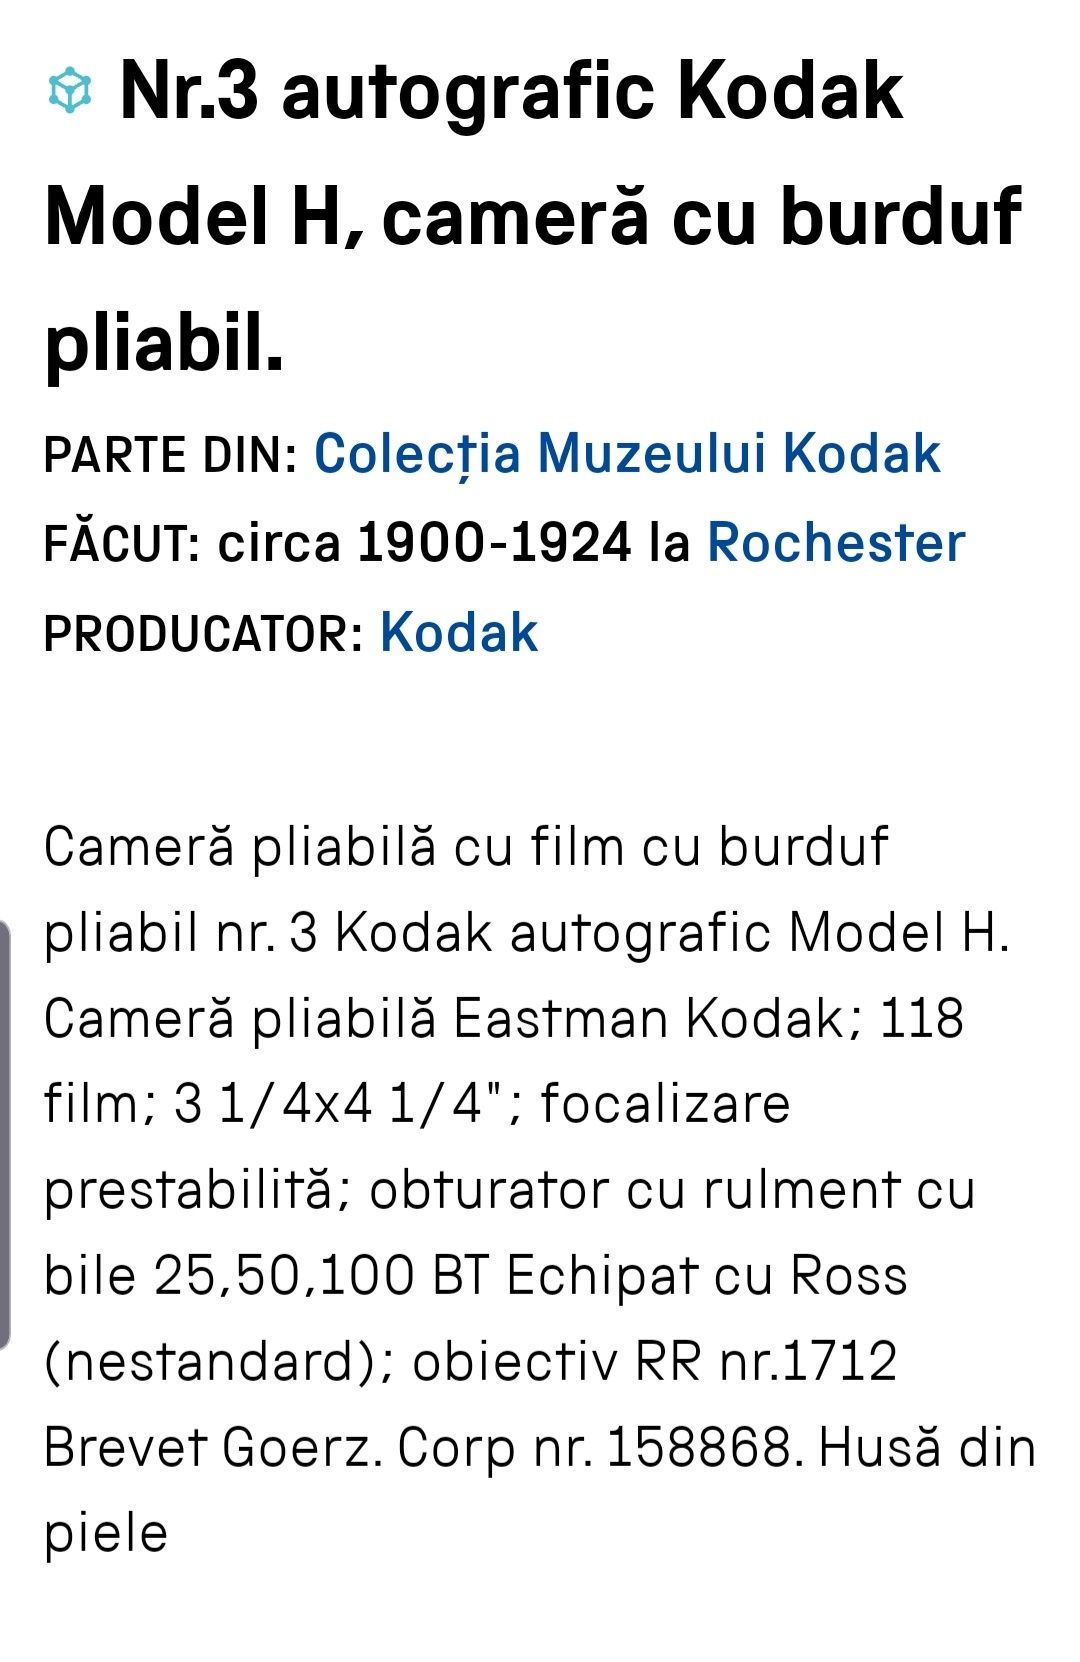 Aparat foto Kodak 1904-1909
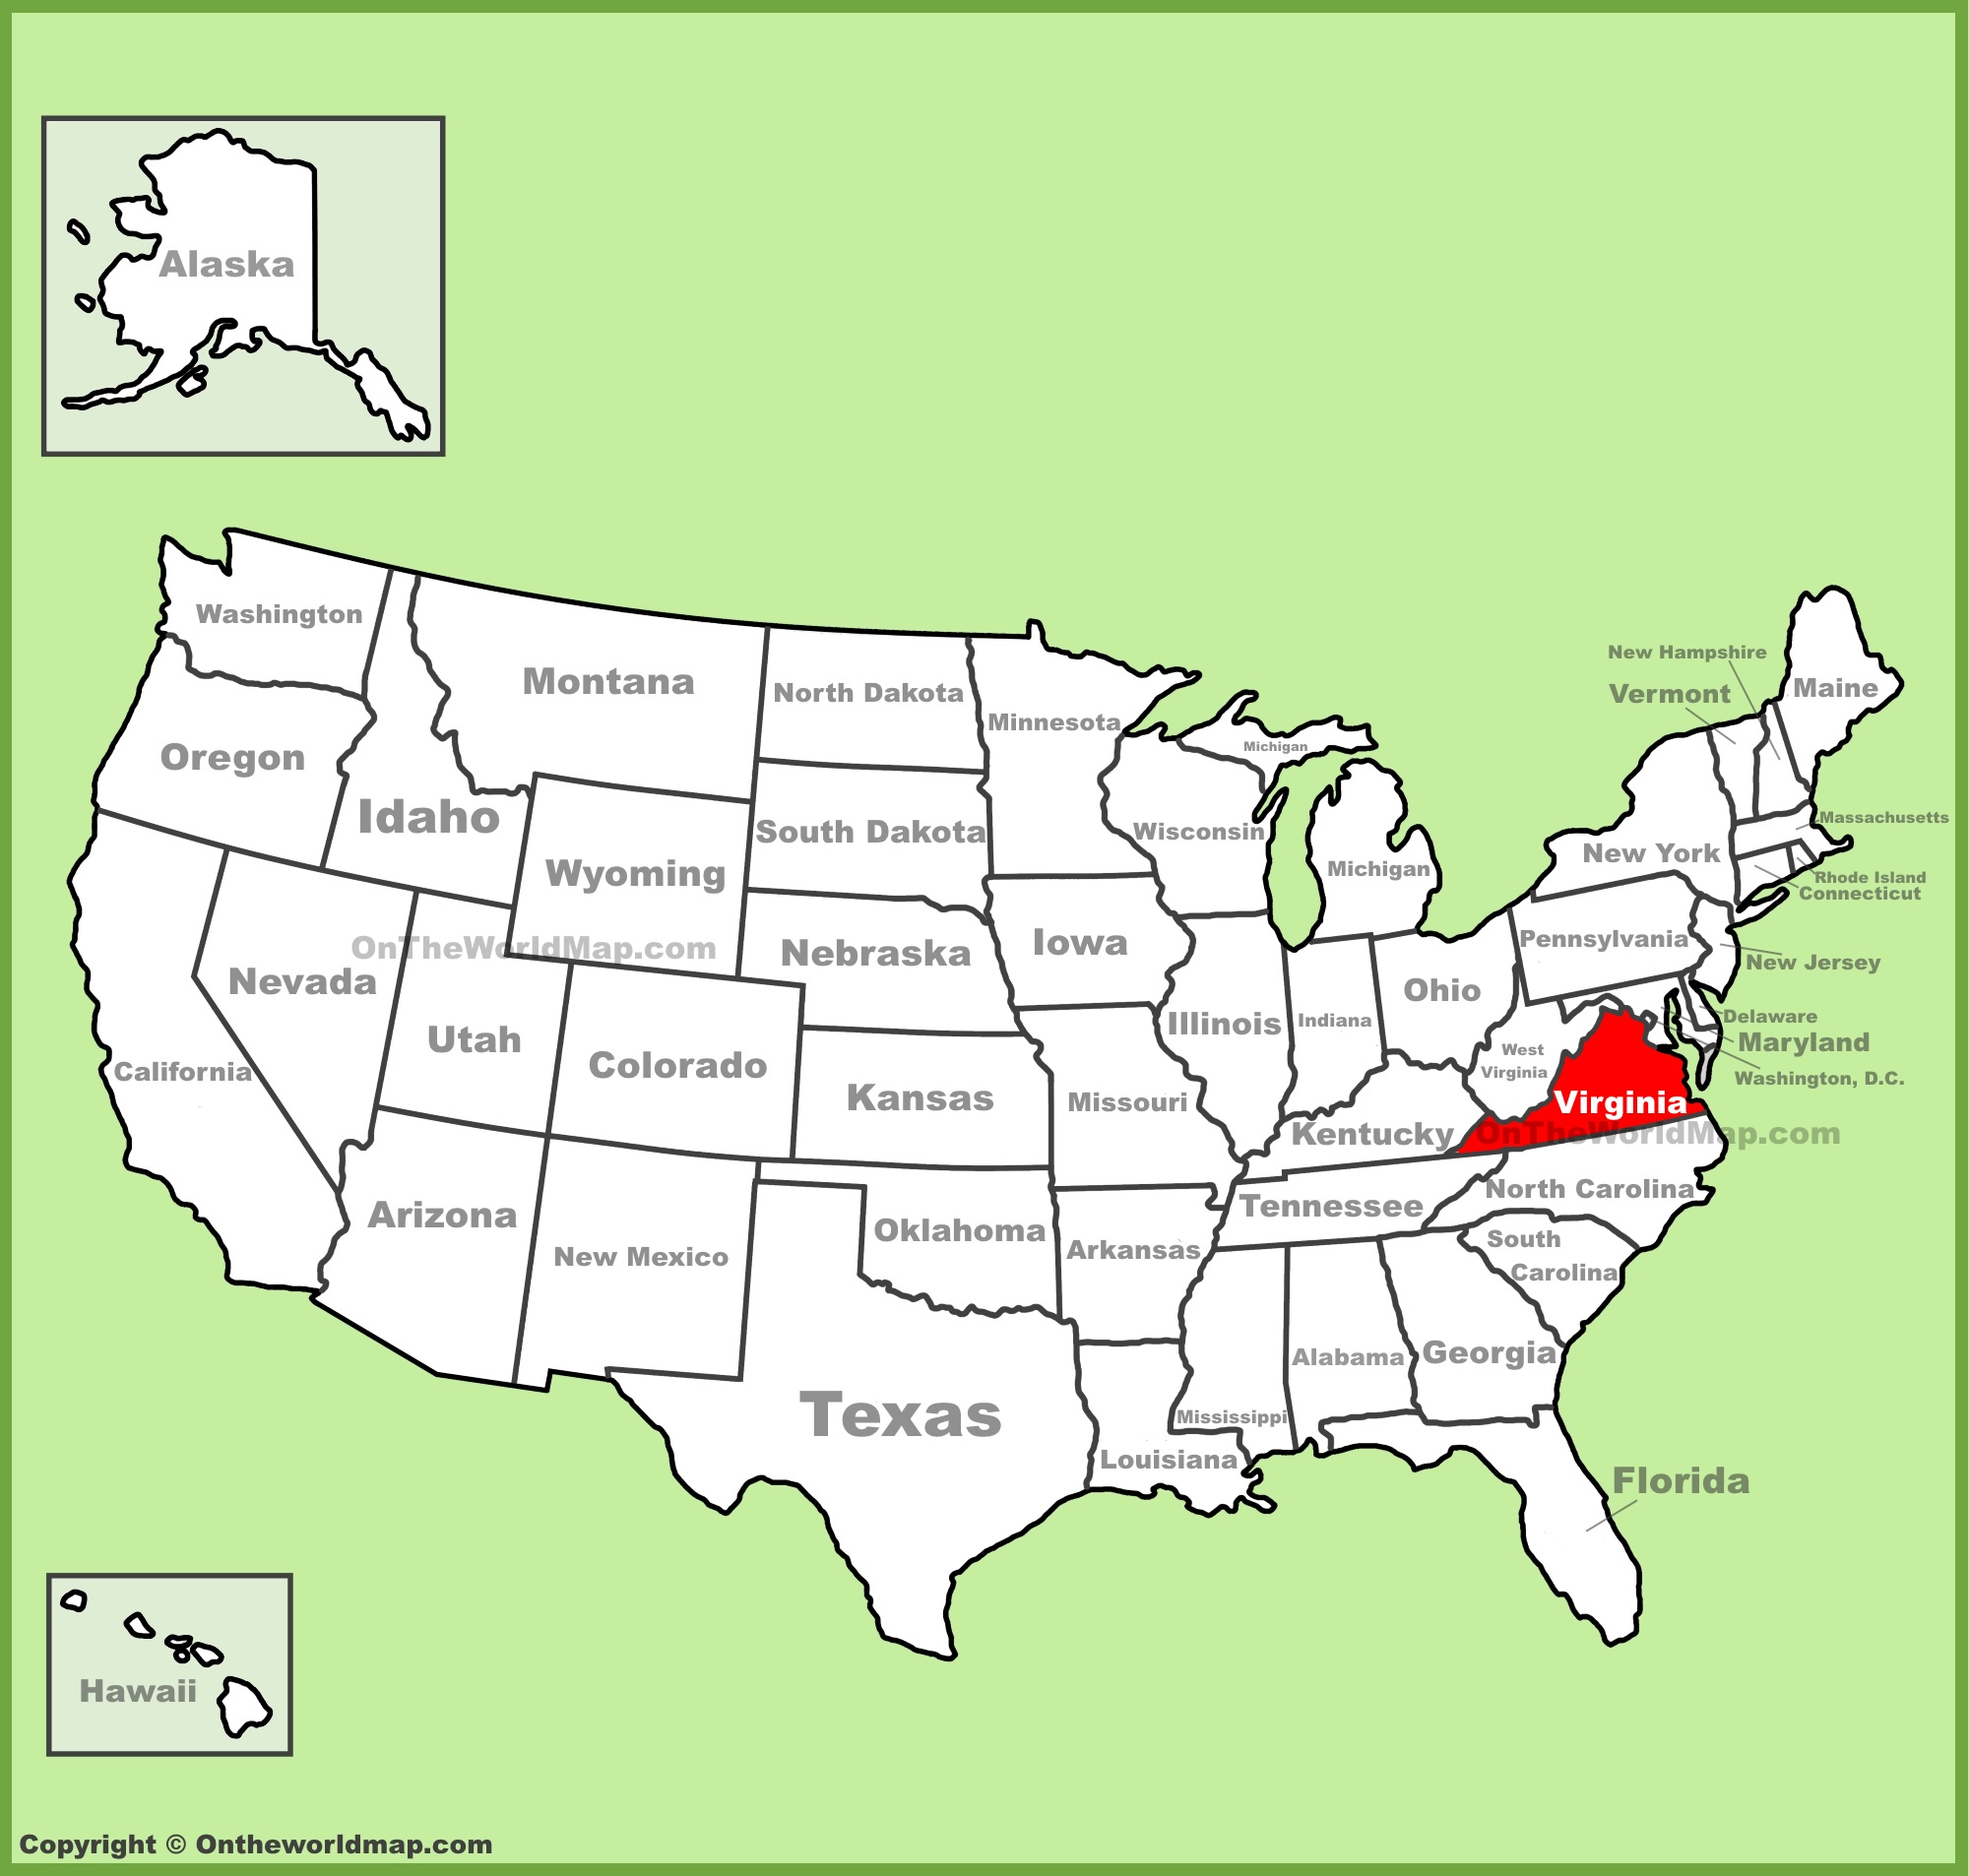 Virginia location on the U.S. Map
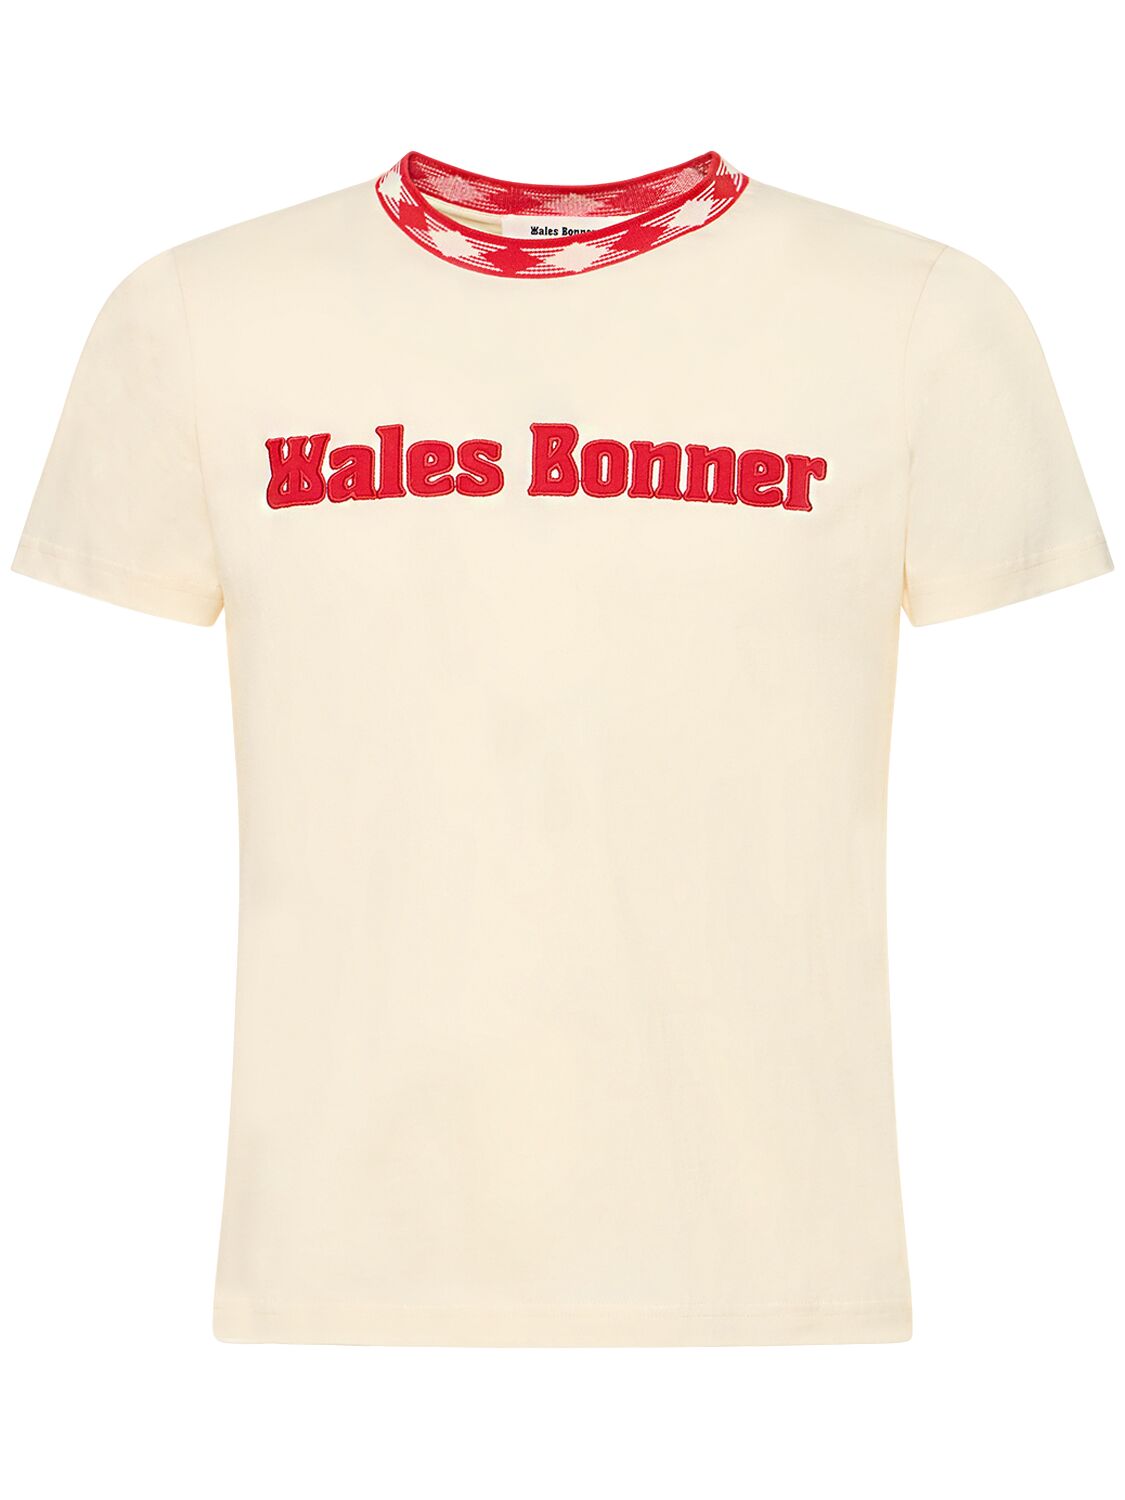 Image of Original Wales Bonner Logo T-shirt
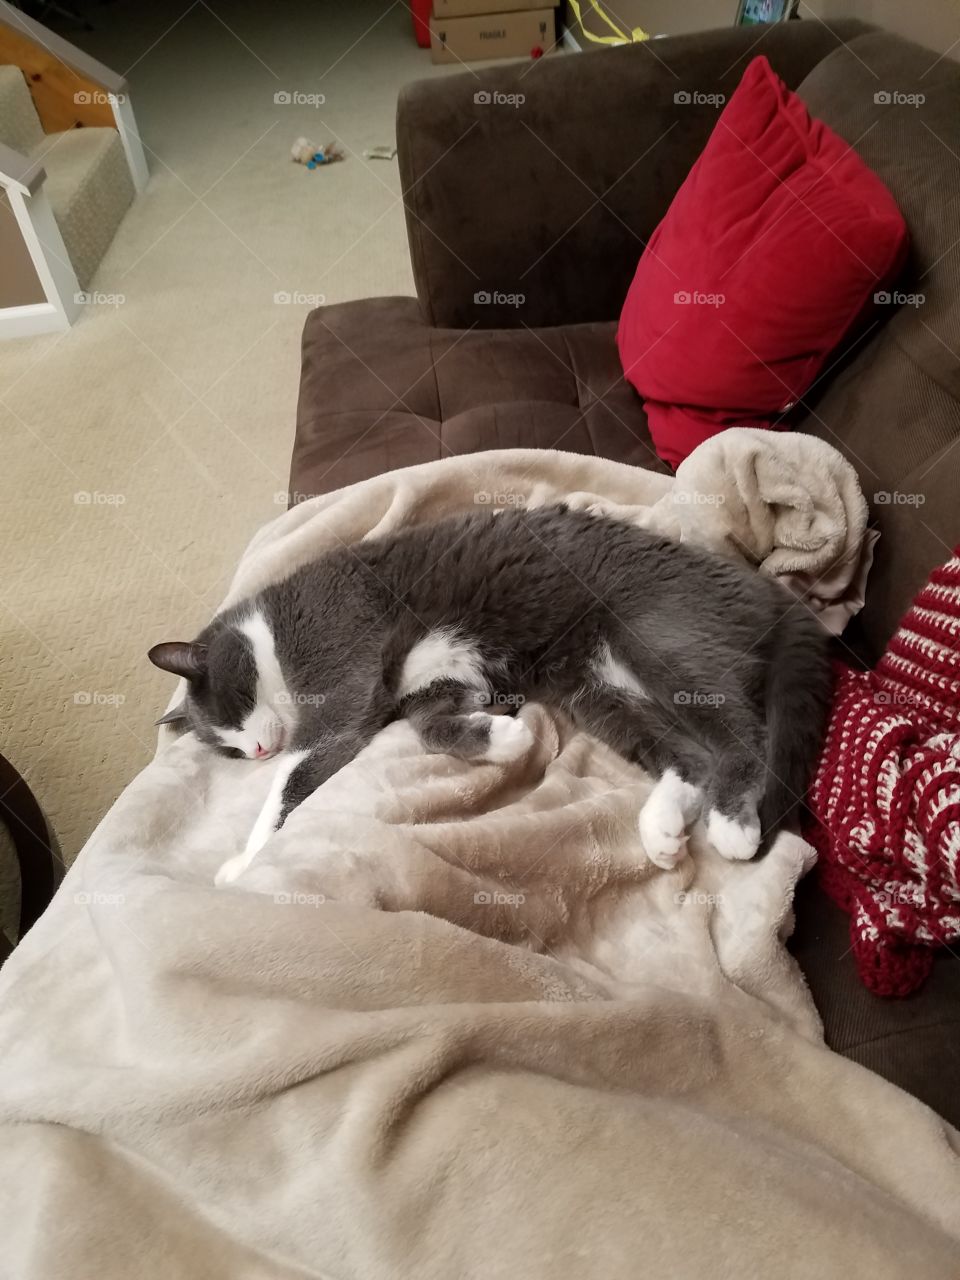 Jasper sleeping on a blanket
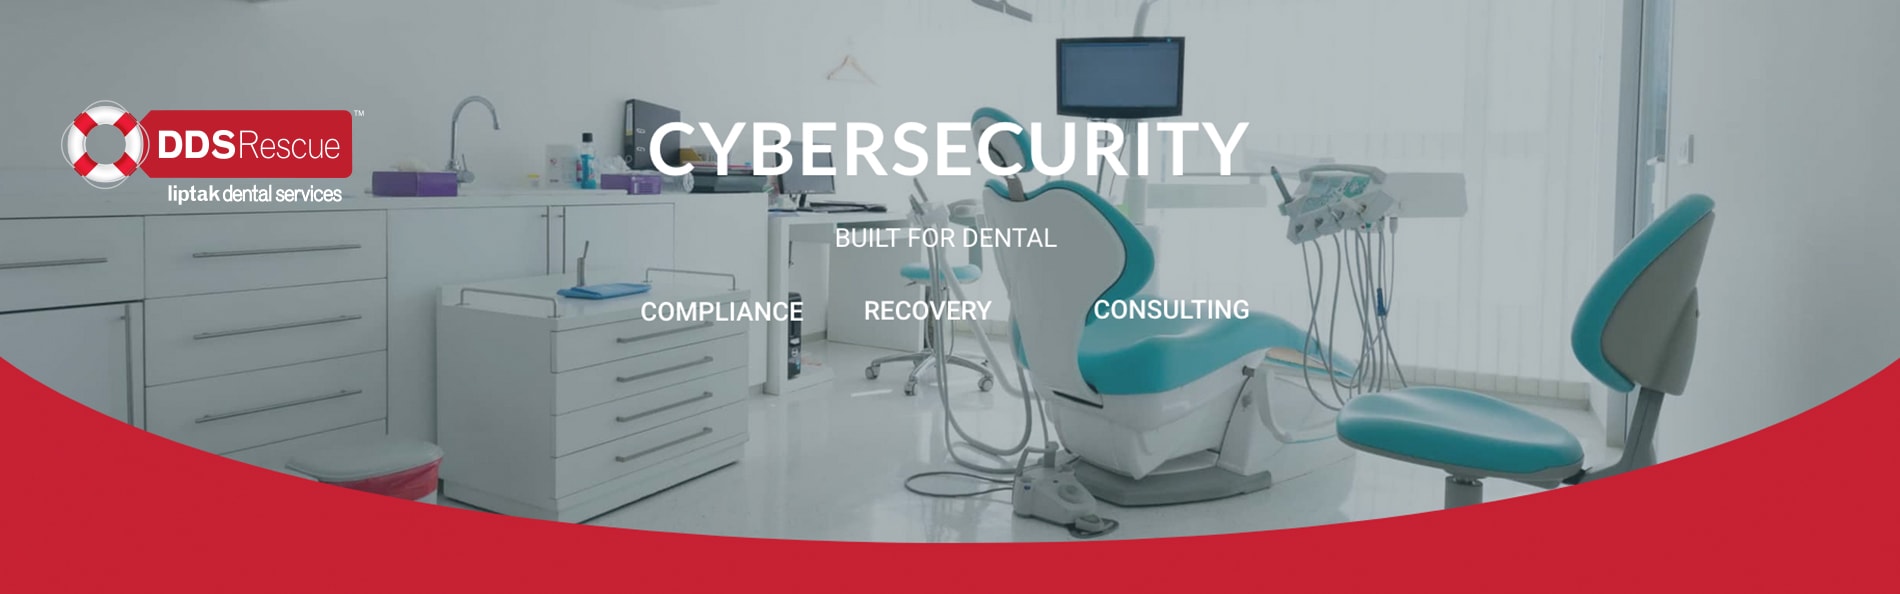 DDRescue-cybersecurity-dental-office-practice-solution

━━━━━━━━

#### Goal of the exercise:
Reproduce word for word the lines from the one containing "Virginia location on the U.S. Map" through the end of the data, both ends kept. Drop the pictures.

#### Response to the task:
 Virginia location on the U.S. Map
 Image of Original Wales Bonner Logo T-shirt
 Jasper sleeping on a blanket
 DDRescue-cybersecurity-dental-office-practice-solution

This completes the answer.